[llvm-objcopy] update-section incompatible to GNU objcopy

Dear LLVM-community,

in my organization we are currently shifting heavily towards an LLVM based toolchain. In this context we came across an uncompatibility of the llvm-objcopy tool w.r.t. the “update-section” command.

Use Case
We want to modify a loadable section of an ELF file and replace its content with some other content coming from a file. The file with the new content is larger than the original section which shall be replaced.

GNU objcopy behavior
Section content is replaced AND the offset and VMA of subsequent sections within the parent segment are updated accordingly.

llvm-objcopy behavior
Ends with an error message stating:

/llvm/lib/ObjCopy/ELF/ELFObject.cpp:
“cannot fit data of size %zu into section ‘%s’ with size %zu that is part of a segment”.

What are the reasons for preventing from updating a sections content with some larger content? Would it introduce a major design change (e.g. itnroducing a new pass over the object file), which is considered a bad tradeoff when compared to the benefit.

Would it be possible without major design changes, but it was not realized yet, since there was no use case for it? If so, could you give me a starter on this?

I would be very grateful for hearing the opinions of the community especially from the people deeply involved with llvm-objcopy (e.g. @jh7370 ).

Best regards,
Viktor

@leonardchan implemented the --update-section flag in ⚙ D112116 [llvm-objcopy] Add --update-section, mentioning about this case:

We are opting to not support this case. GNU’s objcopy was able to do this because the linker and objcopy are tightly coupled enough that segment reformatting was simpler. This is not the case with llvm-objcopy and lld where they like to be separated.

In general we try to have LLVM utilities keep as much compatibility as possible with GNU binutils, except when it doesn’t make sense. It sounds like it might be technically possible to have llvm-objcopy support this, but the use case isn’t yet compelling enough to take on the design change.

@MaskRay also has knowledge here (and in LLD), maybe one of them can offer a workaround for your use case.

1 Like

The requirement is mainly for executables and shared objects. objcopy has a requirement that it generally cannot update addresses (unless --change-section-address, which has unclear semantics). Non-SHT_NOBITS sections in a PT_LOAD program header needs to satisfy sh_addr = sh_offset (mod p_align). For the section updated by --update-section, the difference between the current section’s address and the next section’s address sets an upper bound on the section size. If you put too much stuff in the content, objcopy/llvm-objcopy cannot adjust sh_offset in a way to make the addresses meaningful.

llvm-objcopy just uses the simple heuristic that the new content cannot have a larger size.

Thank you for your replies. Still have some more questions:

I guess you are speaking about llvm-objcopy, right? GNU-objcopy seems to offer several options to modify section addresses. So what’s the reason for having such a constraint requirement for llvm-objcopy when compared to GNU objcopy?

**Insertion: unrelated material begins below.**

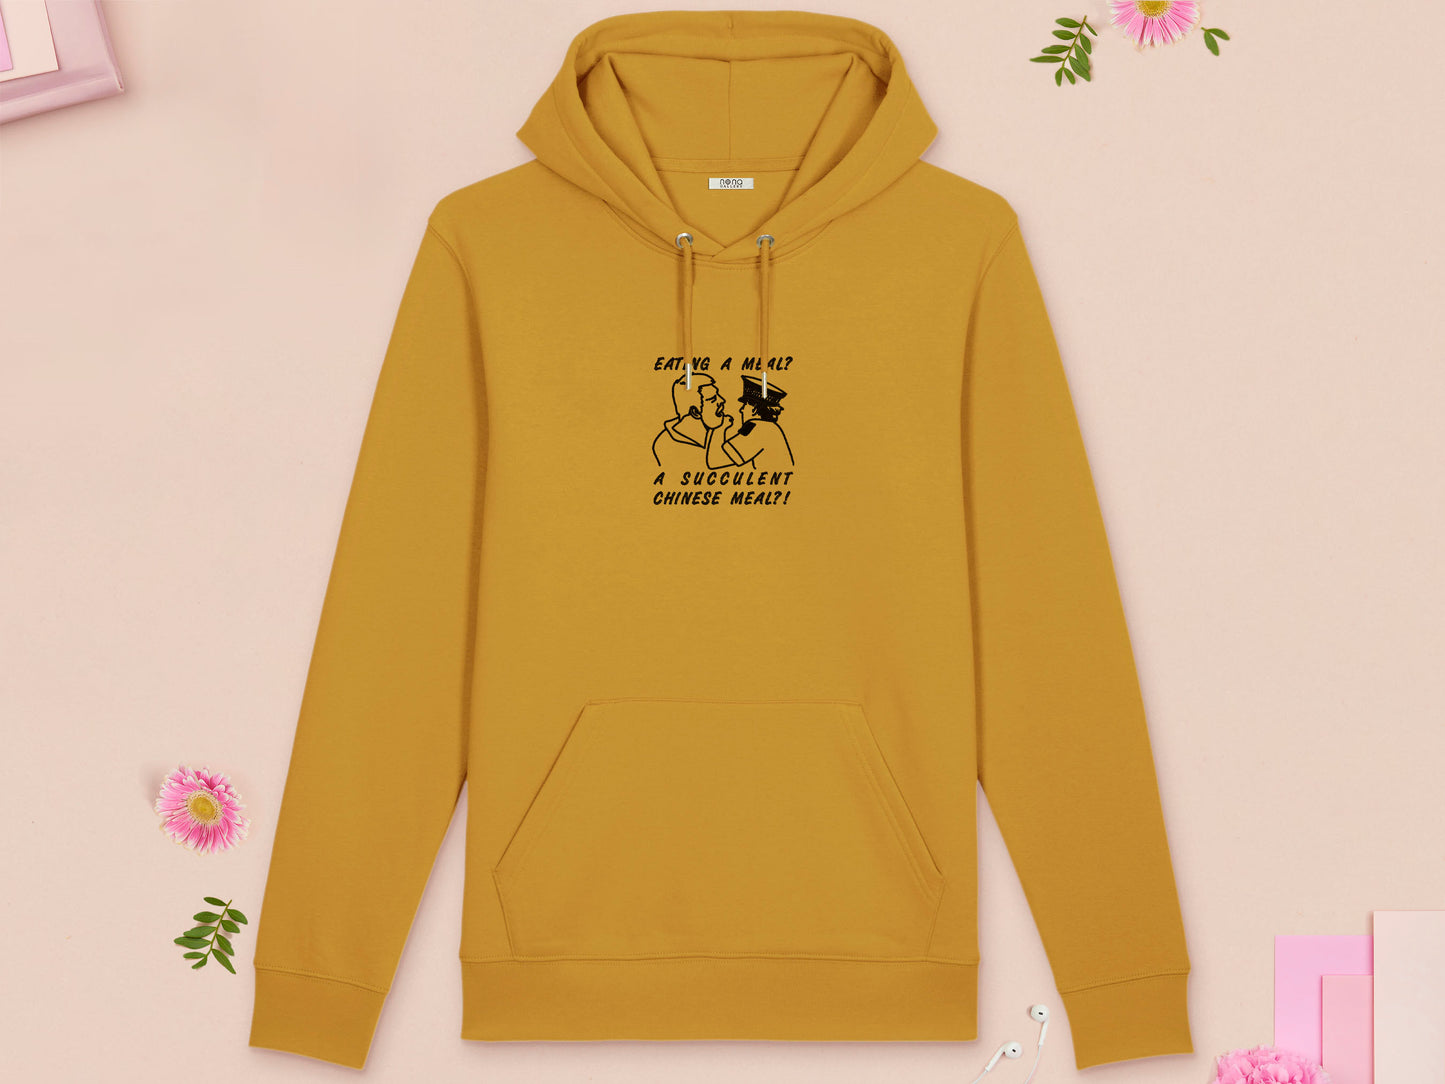 A yellow long sleeve fleece hoodie, with an embroidered black thread design of the viral democracy manifest video of Charles Dozsa being arrested by a policeman with the text reading Eating A Meal? A Succulent Chinese Meal?!
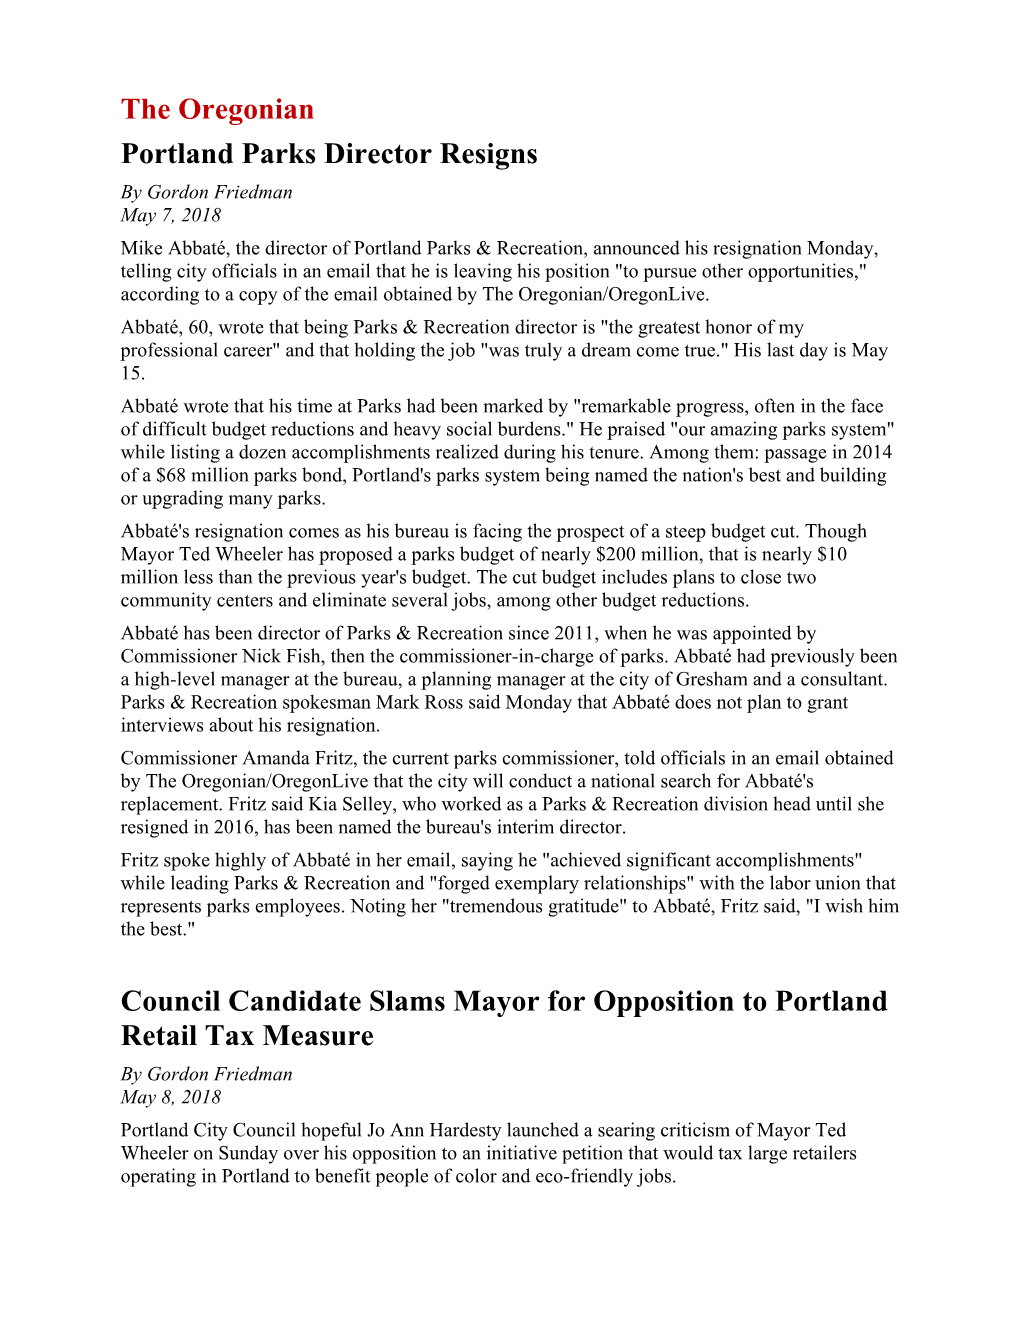 The Oregonian Portland Parks Director Resigns Council

I’m not really familiar with GNU objcopy and how it is implemented. However, in principle, to be able to change the section address of a fully-linked program (i.e. one where addresses have already been assigned) would require essentially rerunning the relocation part of the link. This is because all the relocations targeting the sections whose addresses have been modified would need reapplying to ensure they are targeting the right place. Since usually those relocations have actually been discarded, in practice this would require llvm-objcopy to be able to disassemble the code and identify references in the code that need updating. This is a hard task, so we choose not to do it.

In theory, it would probably be reasonable to allow address changes in some limited cases, specifically where no references to the modified sections (i.e. those with address changes) exist. However, again typically it is impossible for llvm-objcopy to know that this is the case without the aforementioned instruction disassembling. If there was a sufficient need, we could probably add a switch that disabled the update-section check, but with the caveat that this wouldn’t attempt to update references, so may not be a safe thing to do.